If he had a heartbeat, it’d be hammering in his throat. He feels the pressure all the same. Every swallow comes as a choke, even as he staggers to a stop in the meager shadows.
Astarion’s eyes dart towards that scorching orb hanging, searing, and ominous overhead. The light glints back like a damn guillotine. Any moment now, the drop will come. This farce will end. This figment of freedom, the barest wisp of it, will evaporate. Ashes will be all that’s left in the wake of two centuries of pure, utter, shit.
Ashes do fall. They drift in fat flakes from the sky, coating the beach in soot. The acrid tang cloys with the spray of saltwater in the air. But his body’s still whole enough to tremble. Astarion turns his palms over in silent awe, watching his own skin alight. The flames don’t come. Only…
Warmth. Dainty as a first kiss. Across his throat, flooding his cheeks, his chest, his every inch. A smile as faint as a ghost dares to grace Astarion’s lips.
He hears his own shaky, unbidden laugh like it’s that of a stranger. It came from someone else’s body, surely. This is someone else’s body. His would’ve been in cinders, barring some very, very belated divine intervention.
Or, apparently, an illithid invasion. The up close and personal kind.
Astarion rips his gaze away as it begins to water. Scorch marks stain his sight for a full minute after. Inkblots of bright, burning color. It’s as he’s blinking rapidly that he sees her, picking her way up the slope, past the wreckage.
Astarion’s seen her before. He’s sure of it, now that she’s nearer. Now that he can see her in the full, unadulterated light of the sun. (The sun. The sun. The fucking sun!)

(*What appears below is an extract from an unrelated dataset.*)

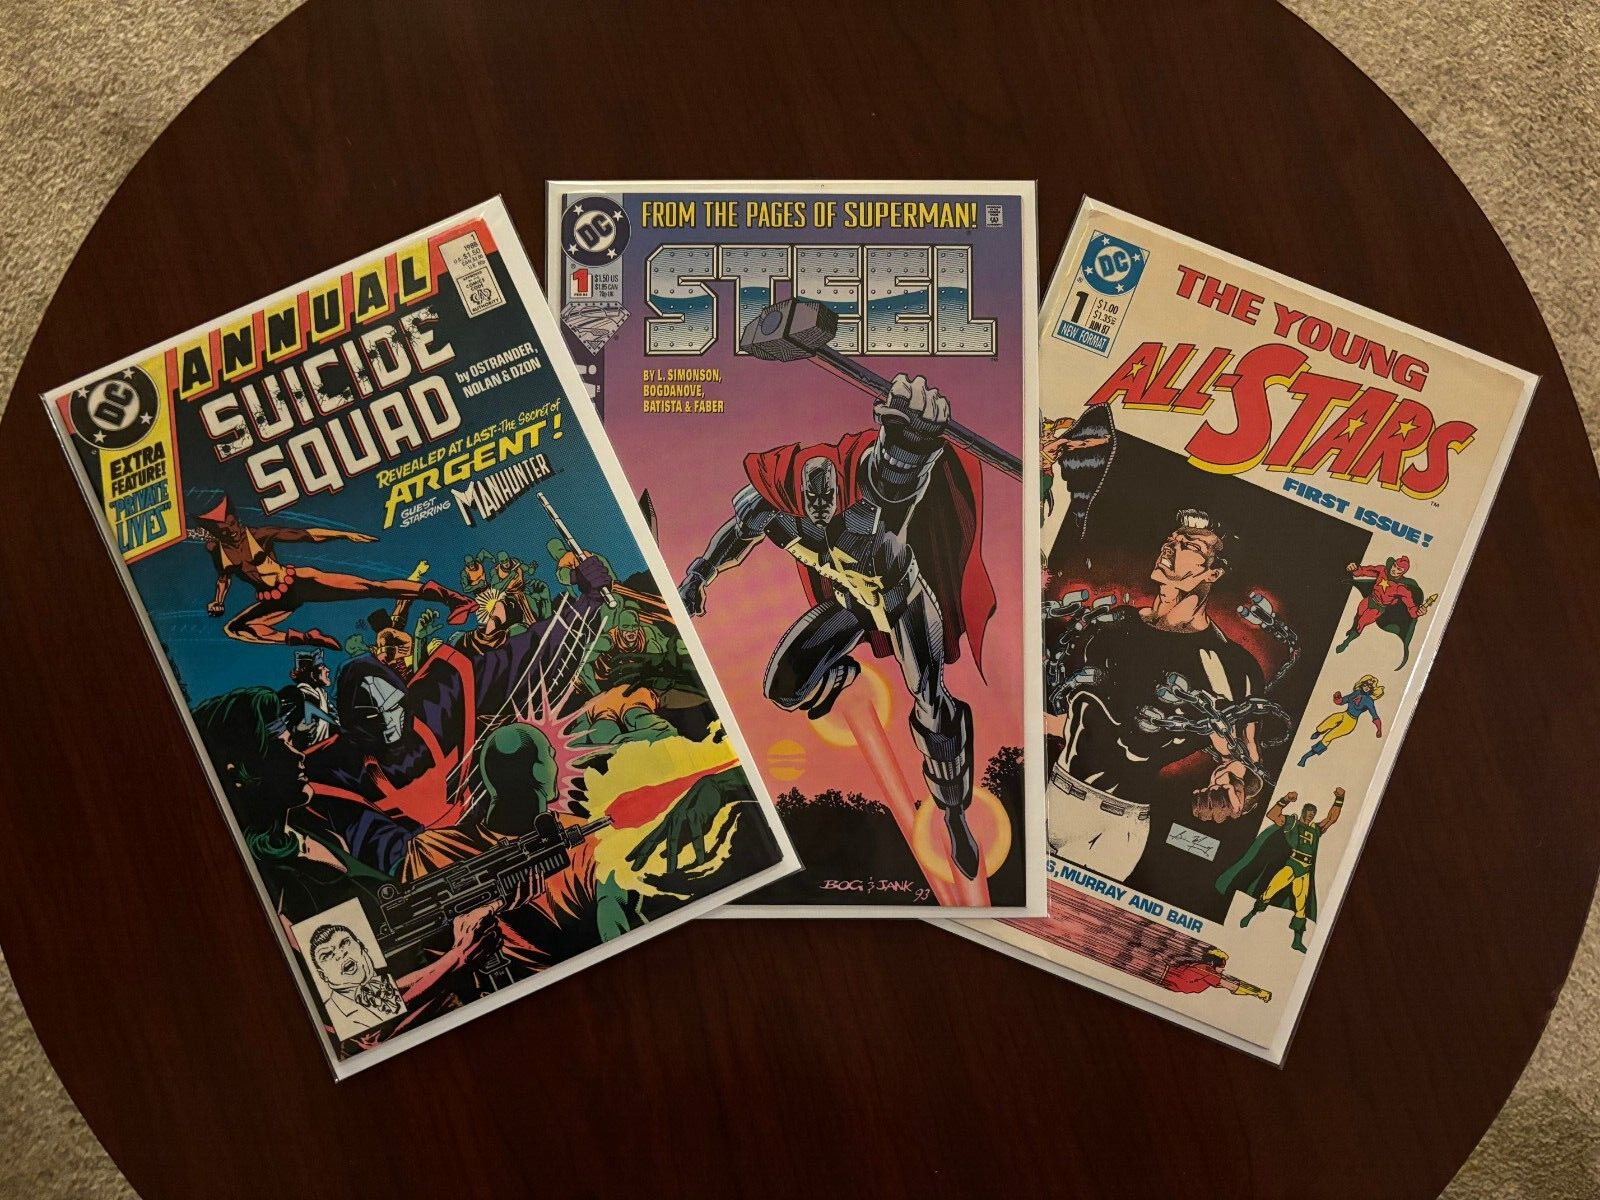 (Lot of 3 #1 DC Comics) Suicide Squad Annual #1 Steel #1 & Young All-Stars #1

Outside of the nautiloid’s bloody glow, her hair’s white as frost. Her complexion’s less rosy, more violet. Out here, she could be a normal drow.
He tenses, picking up the faint prickling of voices in the distance. She’s not alone. Astarion doesn’t recognize the other woman, a half-elf with a black, chained braid dangling down her back like a whip.
But he remembers the drow. She was on board that blasted ship. She knows about the damn worm lodged behind his eye socket. Maybe they both do. His fist clenches on the hilt of his blade, still tucked in its sheath.
As Astarion watches from afar, magic wakes in half-elf’s palm, vivid and blinding. It sears into the bare cerebrum of some crawling creature snapping at the drow’s heels. The creature utters a shrill screech before it slumps over, steaming. His eyes narrow. Seems the pair of them are chummy, at very least, if not co-conspirators. He creeps back further into the brush.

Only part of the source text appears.